English feminist writer

Laura Carolyn Bates (born 27 August 1986) is an English feminist writer. She founded the Everyday Sexism Project website in April 2012. Her first book, Everyday Sexism, was published in 2014.

== Education and early life ==

Bates' parents are Diane Elizabeth Bates, a French language teacher, and Adrian Keith Bates, a physician. She grew up in the London Borough of Hackney and Taunton, and has an older sister and a younger brother. Her parents divorced when Bates was in her twenties. She was privately educated at King's College, Taunton. and subsequently studied English literature at University of Cambridge where she was an undergraduate student at St John's College, Cambridge and graduated in 2007.

==Career==
After graduating, Bates remained in Cambridge for two-and-a-half years as a researcher for the psychologist Susan Quilliam, who was working on an updated edition of The Joy of Sex. Bates then worked as an actress and a nanny, a period during which she has said she experienced sexism at auditions and found the young girls she was caring for were already preoccupied with their body image.

=== Everyday Sexism Project ===
The Everyday Sexism Project website was founded in 2012. Around the third anniversary of the website, in April 2015, Everyday Sexism had reached 100,000 entries. Bates has said that she has faced abuse online. After her publication of Men Who Hate Women in 2020, Bates said she received deepfake pornography images of herself performing sexual acts on the sender.
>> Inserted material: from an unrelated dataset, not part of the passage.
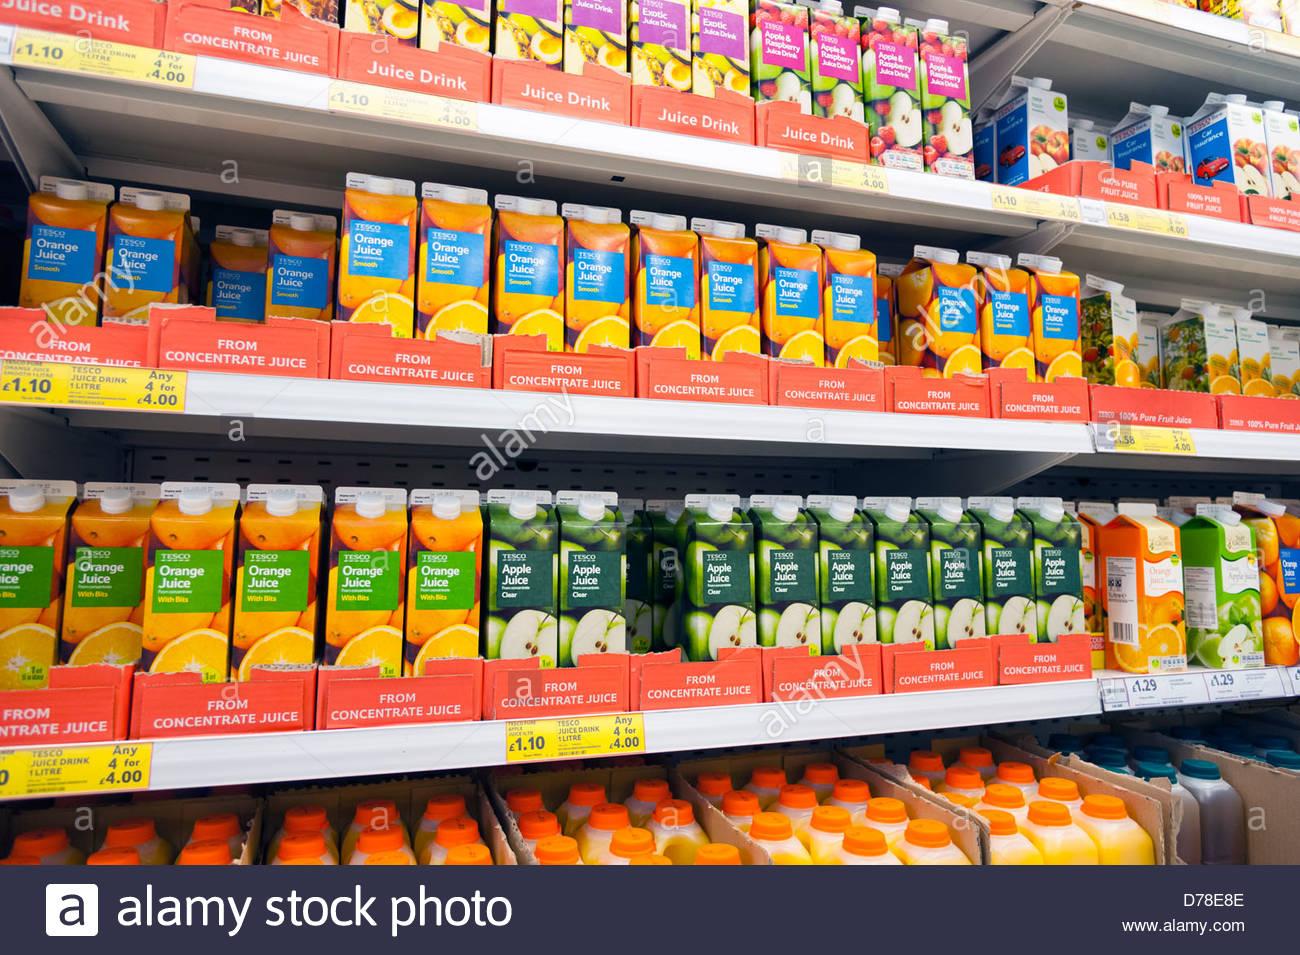 Jus de fruits frais pour la vente dans un magasin Tesco (Royaume-Uni) 7da6a49c3504

Bates' first book Everyday Sexism, based on the project, was published by the London subsidiary of Simon & Schuster in 2014.

After Everyday Sexism, Bates published several more books about sexism. Bates is a contributor to The Guardian, The Independent the Financial Times and other publications. She is a contributor to the New York–based Women Under Siege Project.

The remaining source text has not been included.